From Bogota to Istanbul to LA (LA!?), StreetFilms have been a great source for accessible yet detailed films that outline lessons in making streets more pedestrian, bicycle and mass-transit friendly, and in greening the cities that so many of us live in. Now their latest installment takes a look at Melbourne, and finds that many of today's most congested cities could learn a thing or two:
"Melbourne is simply wonderful. You can get lost in the nooks and crannies that permeate the city. As you walk you feel like free-flowing air with no impediments to your enjoyment. For a city with nearly 4 million people, the streets feel much like the hustle and bustle of New York City but without omnipresent danger and stress cars cause.
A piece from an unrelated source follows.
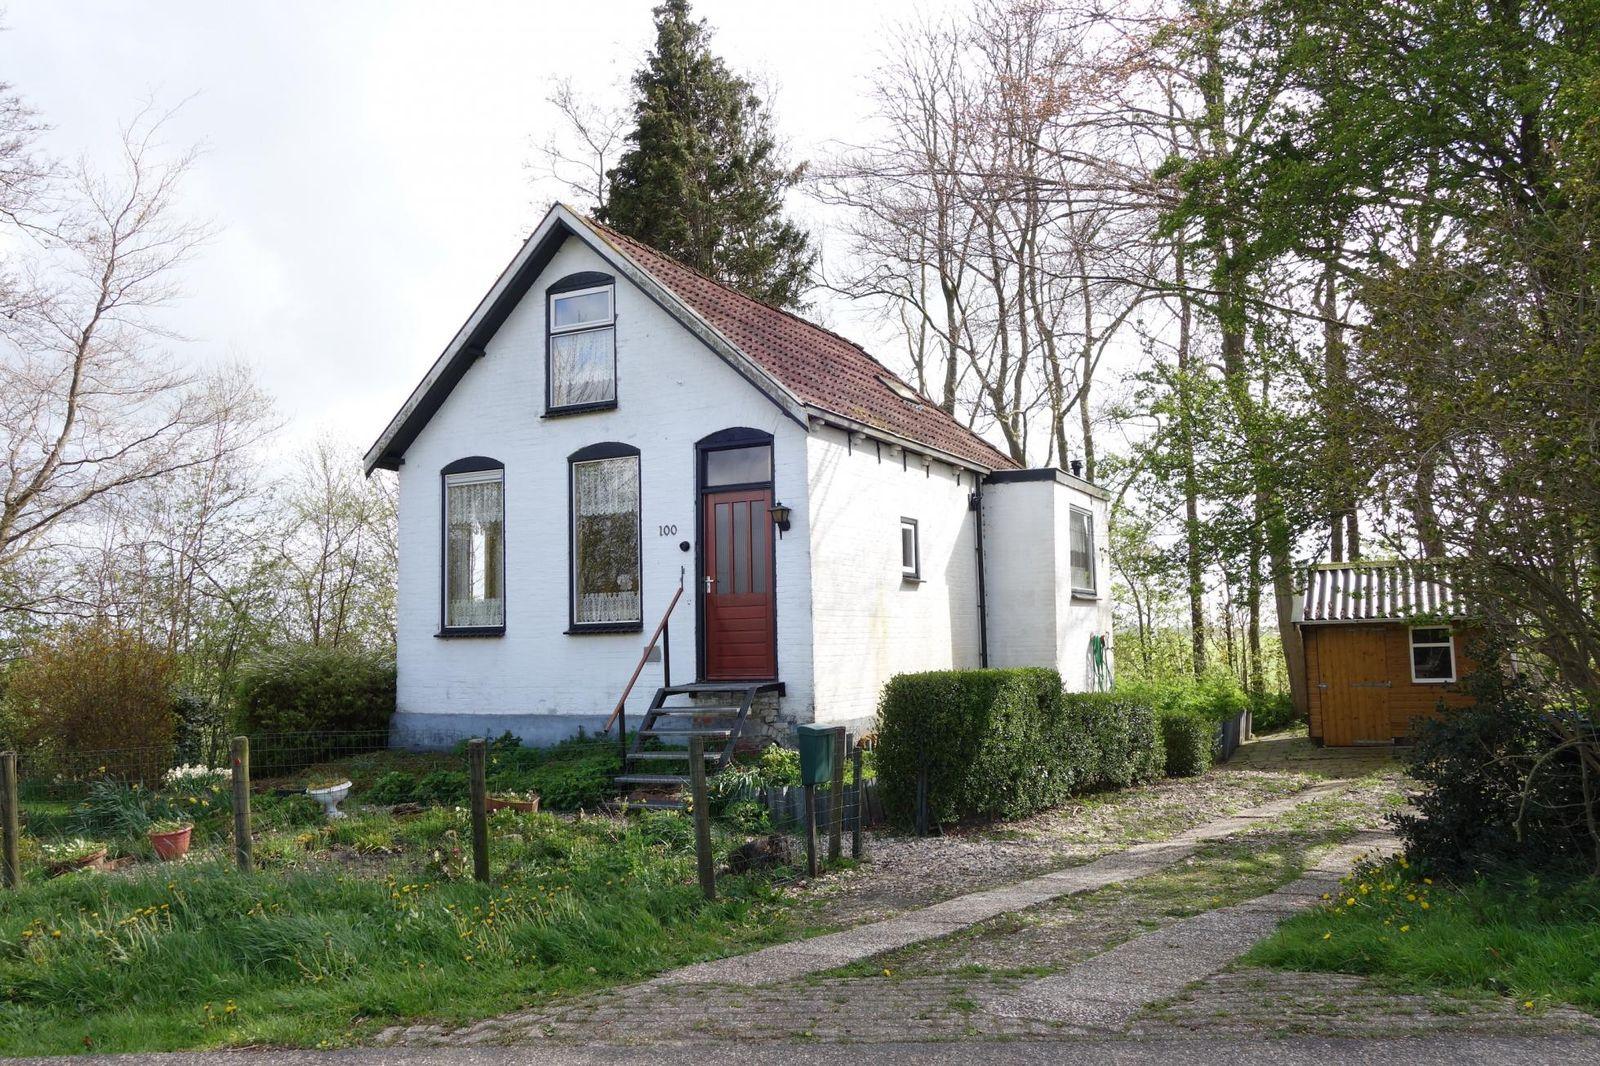 Domela Nieuwenhuisweg 100, Nij Beets

There is an invaluable lesson here. In the early 90s, Melbourne was hardly a haven for pedestrian life until Jan Gehl was invited there to undertake a study and publish recommendations on street improvements and public space. Ten years after the survey’s findings, Melbourne was a remarkably different place thanks to sidewalk widenings, copious tree plantings, a burgeoning cafe culture, and various types of car restrictions on some streets. Public space and art abound. And all of this is an economic boom for business."
The ever productive and insightful Clarence also points out another salient fact - Melbourne is a New World city, built around the motorcar, and provides ample evidence that those who say it can't be done in Indianapolis, Detroit or LA may be selling their cities short.